Showing posts with label measure theory. Show all posts
Showing posts with label measure theory. Show all posts

Wednesday, September 9, 2015

Billingsley: Probability and Measure, Ch. 1.4

Prompted by what I found to be quite confusing about Patrick Billingsley's presentation of Kolmogorov's zero-one law, I've been reflecting a bit on the essence of the proof, and I think I've come to a deeper understand of the core of the issue now.

The theorem can be stated as follows: Let $S$ be an infinite collection of events equipped with a probability measure $P$ (which, by Kolmogorov's extension theorem, can be defined exhaustively on the finite subsets of $S$). Suppose further that $A$ is some event in the $\sigma$-extension of $S$ which is independent of any finite selection of events from $S$. Then $A$ either has probability $P(A)=0$ or $P(A)=1$.
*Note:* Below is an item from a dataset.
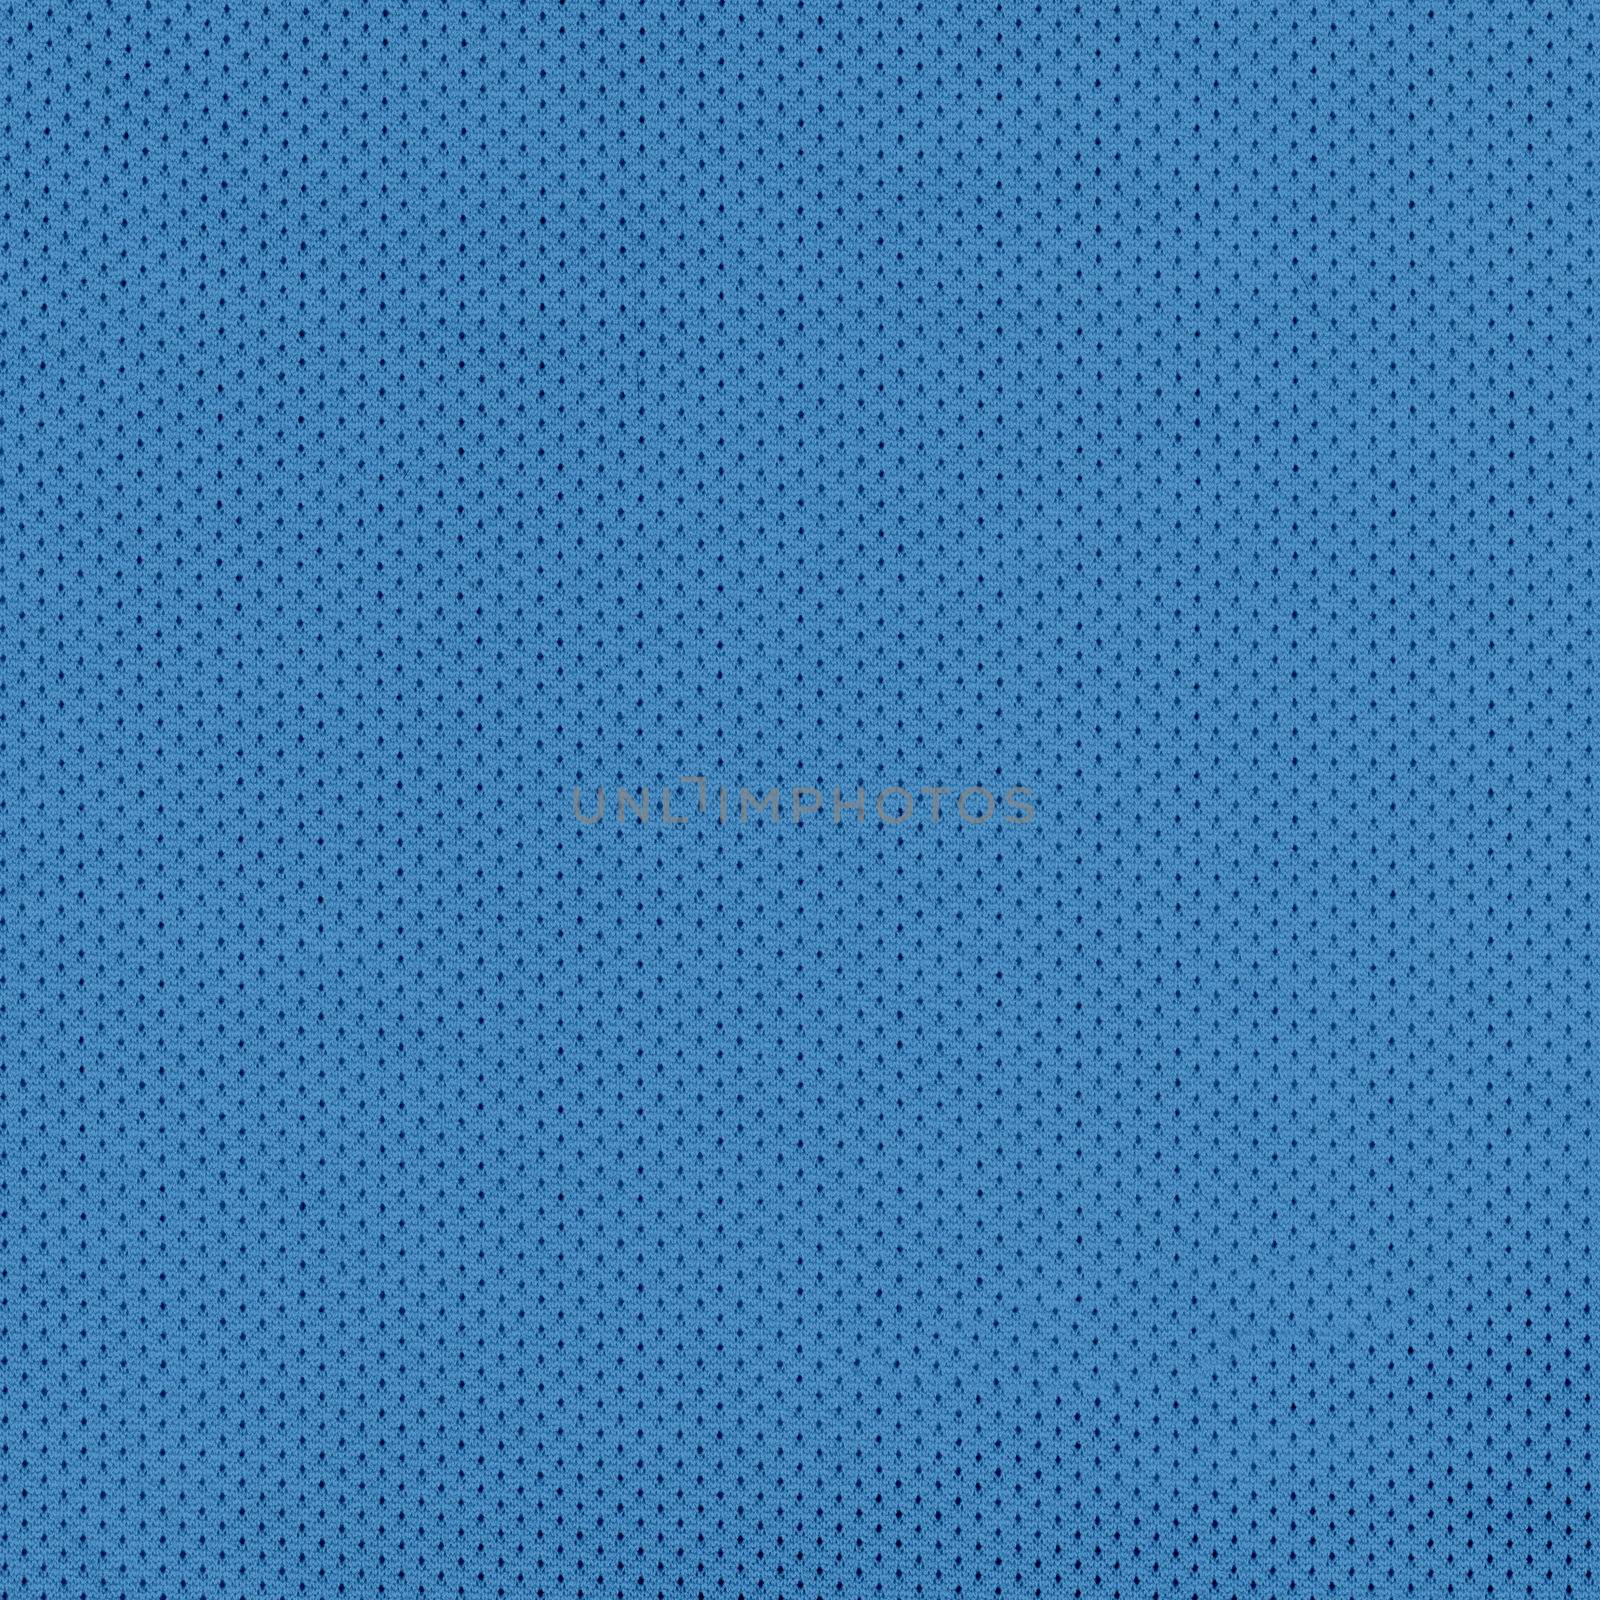 Closeup on a Blue Sport Jersey Mesh Textile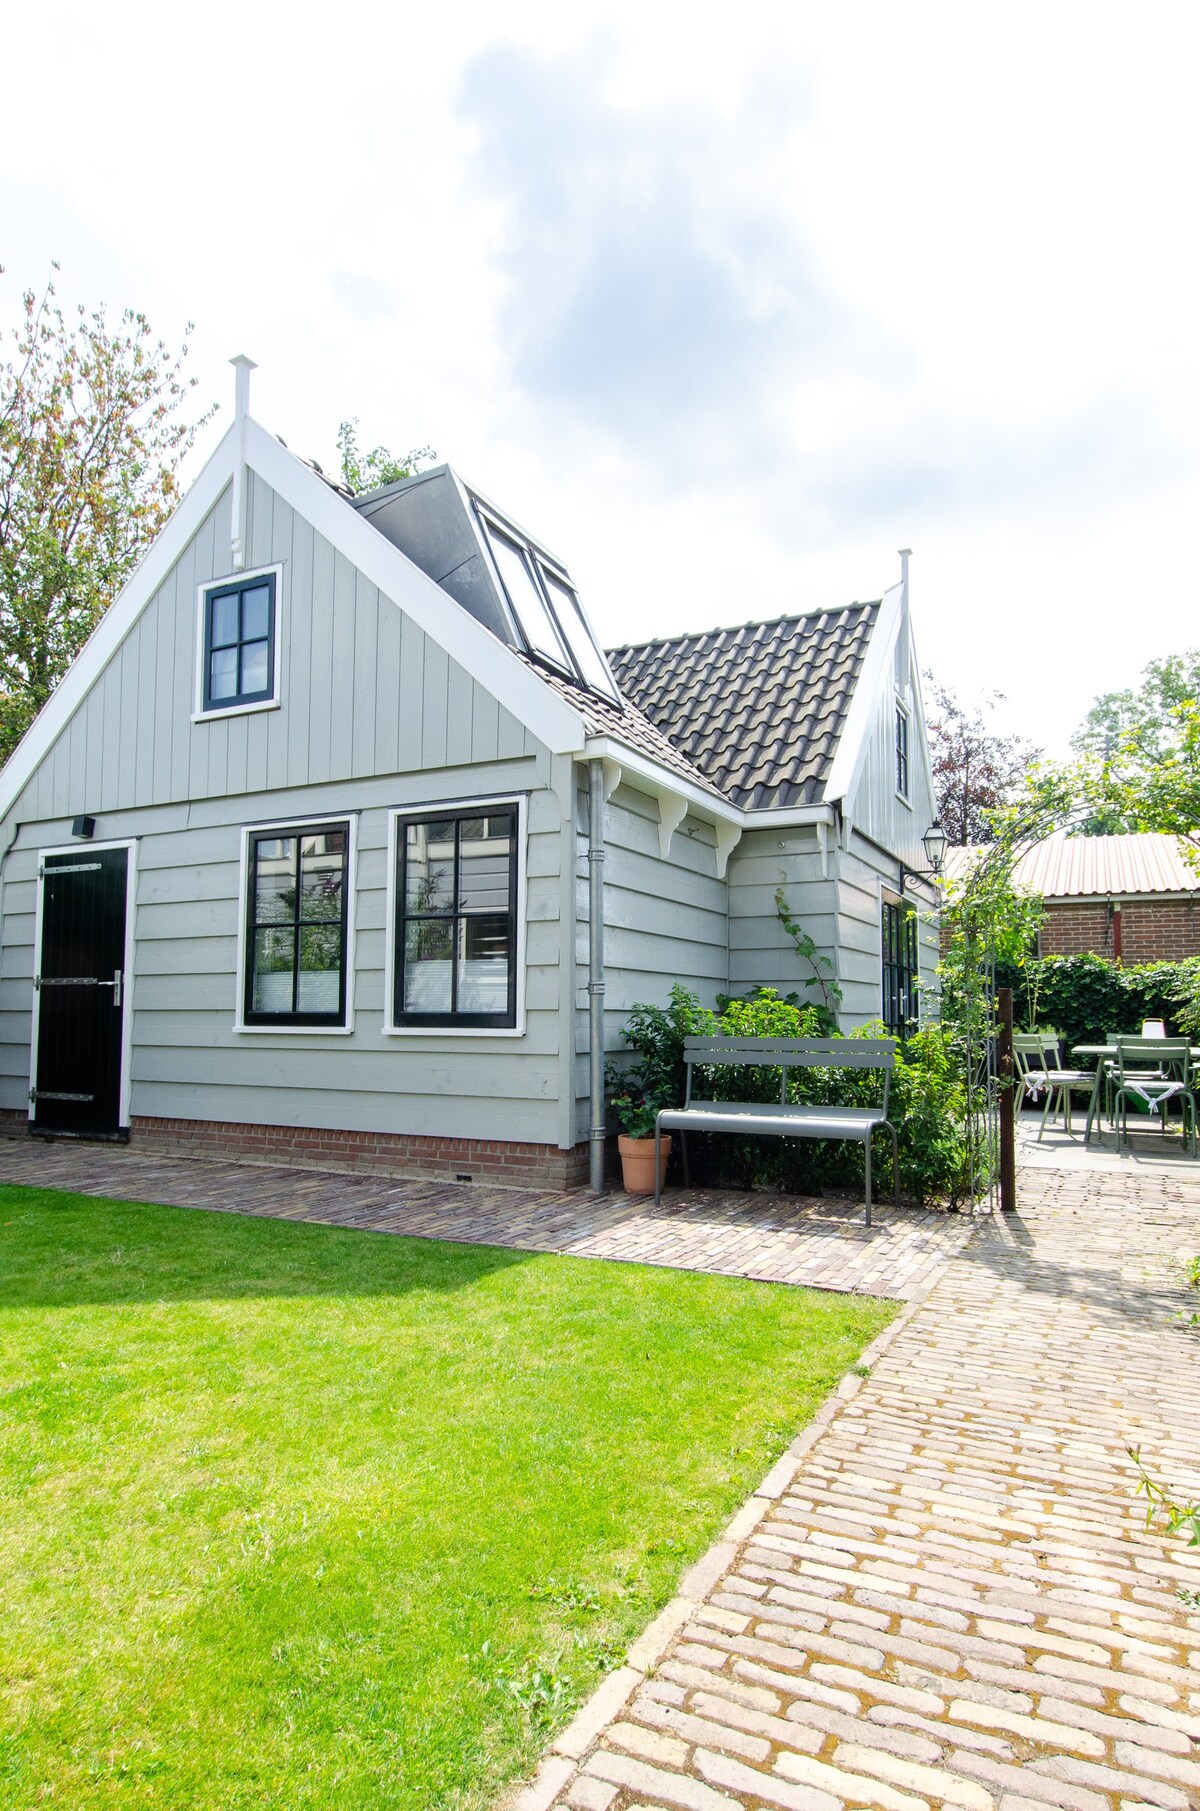 Broek in Waterland Vacation Rentals & Homes - North Holland, Netherlands |  Airbnb

The proof is almost evident from this formulation: Since $A$ is independent of any finite selection of events from $S$, the measures $P(\,\cdot\,)$ and $P(\,\cdot\,|\,A)$ coincide on all events that can be defined in terms of a finite number of events from $S$. But by Kolmogorov's extension theorem, this means that the conditional and the unconditional measures extend the same way to the infinite collection. Hence, if P$(A)>0$, this equality also applies to $A$, and thus $P(A\,|\,A)=P(A)$. This implies that $P(A)^2=P(A)$, which is only satisfied by $P(A)=1$.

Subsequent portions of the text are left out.